Entries shown
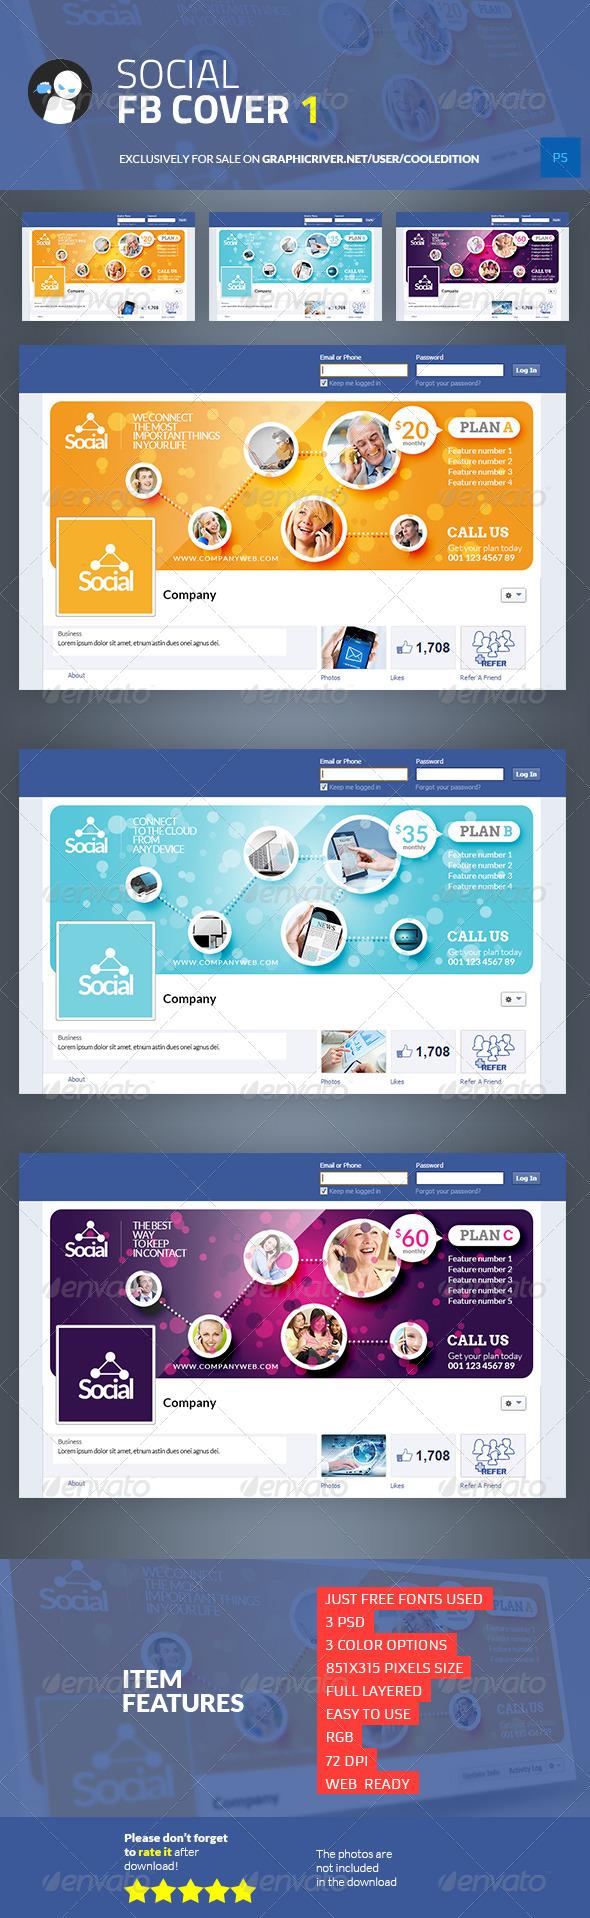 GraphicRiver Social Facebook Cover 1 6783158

--

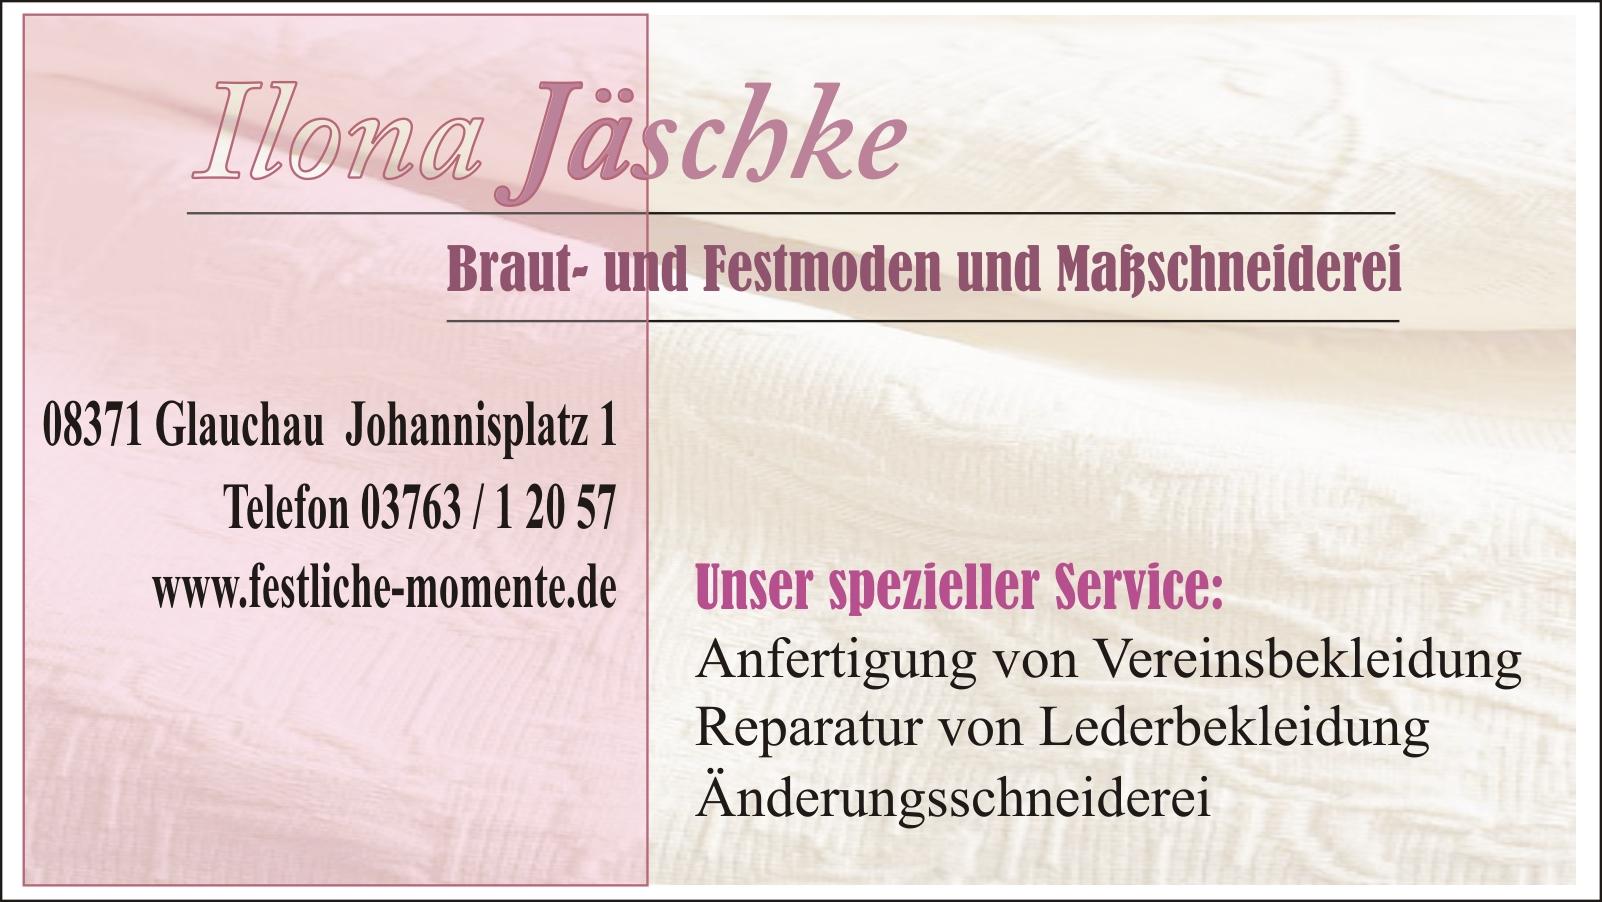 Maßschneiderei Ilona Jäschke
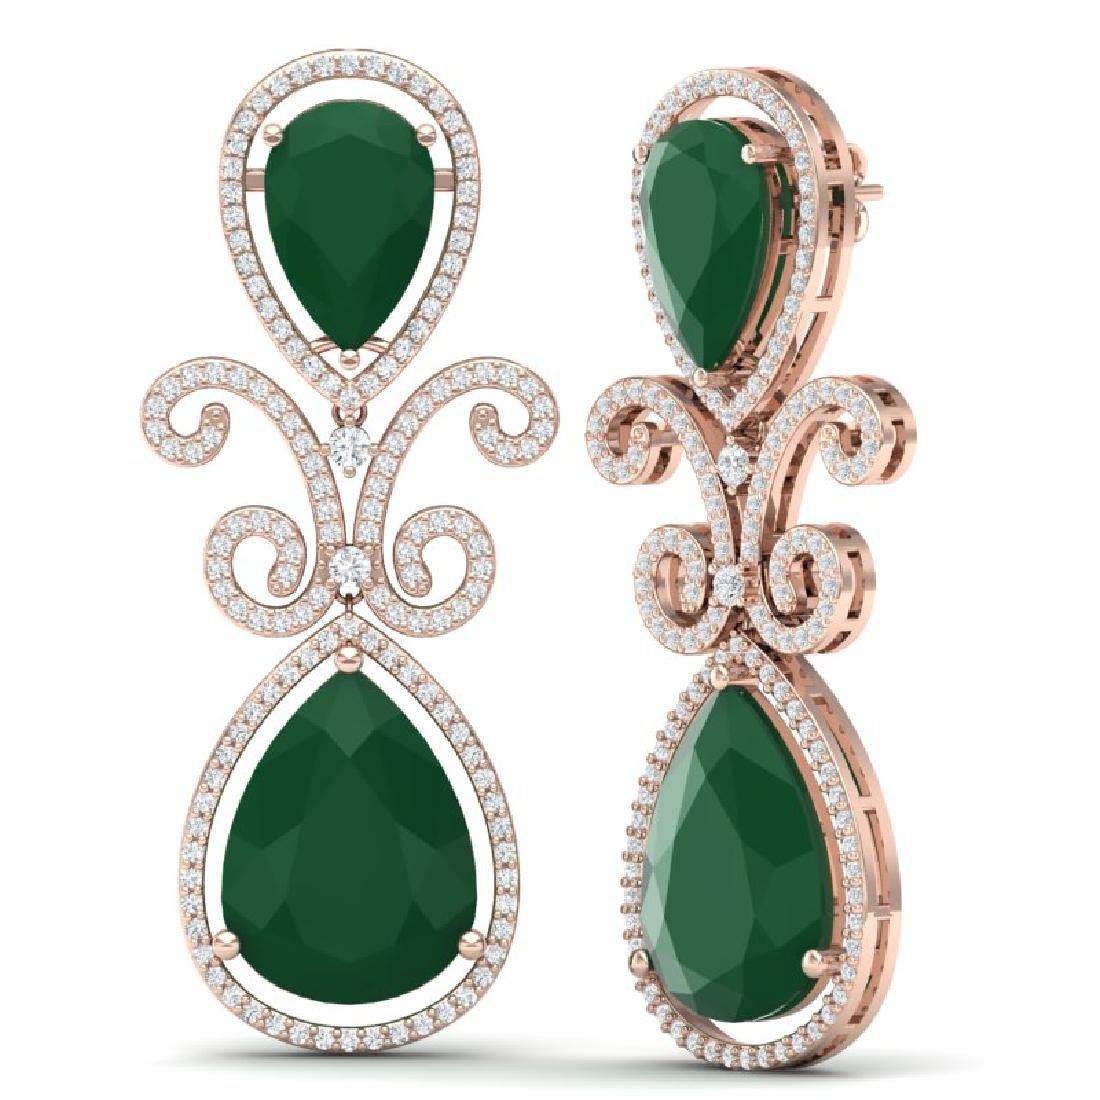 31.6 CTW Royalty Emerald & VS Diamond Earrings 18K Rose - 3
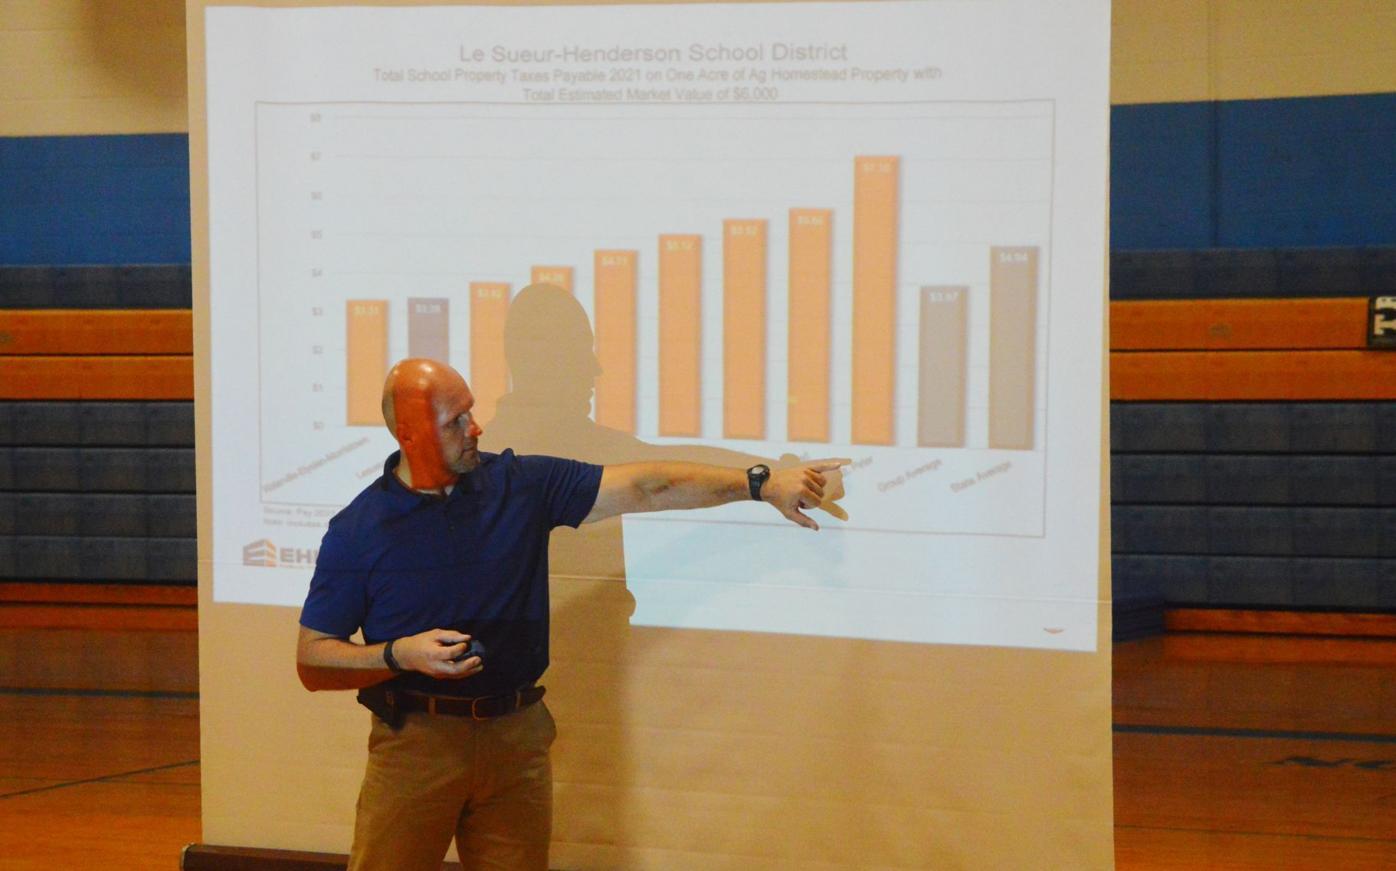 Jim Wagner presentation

Try it
Copy word for word the lines above, starting at the line containing "31.6 CTW Royalty" and ending at the line containing "Jim Wagner presentation", inclusive, with no pictures.

Final answer
 31.6 CTW Royalty Emerald & VS Diamond Earrings 18K Rose - 3
 Jim Wagner presentation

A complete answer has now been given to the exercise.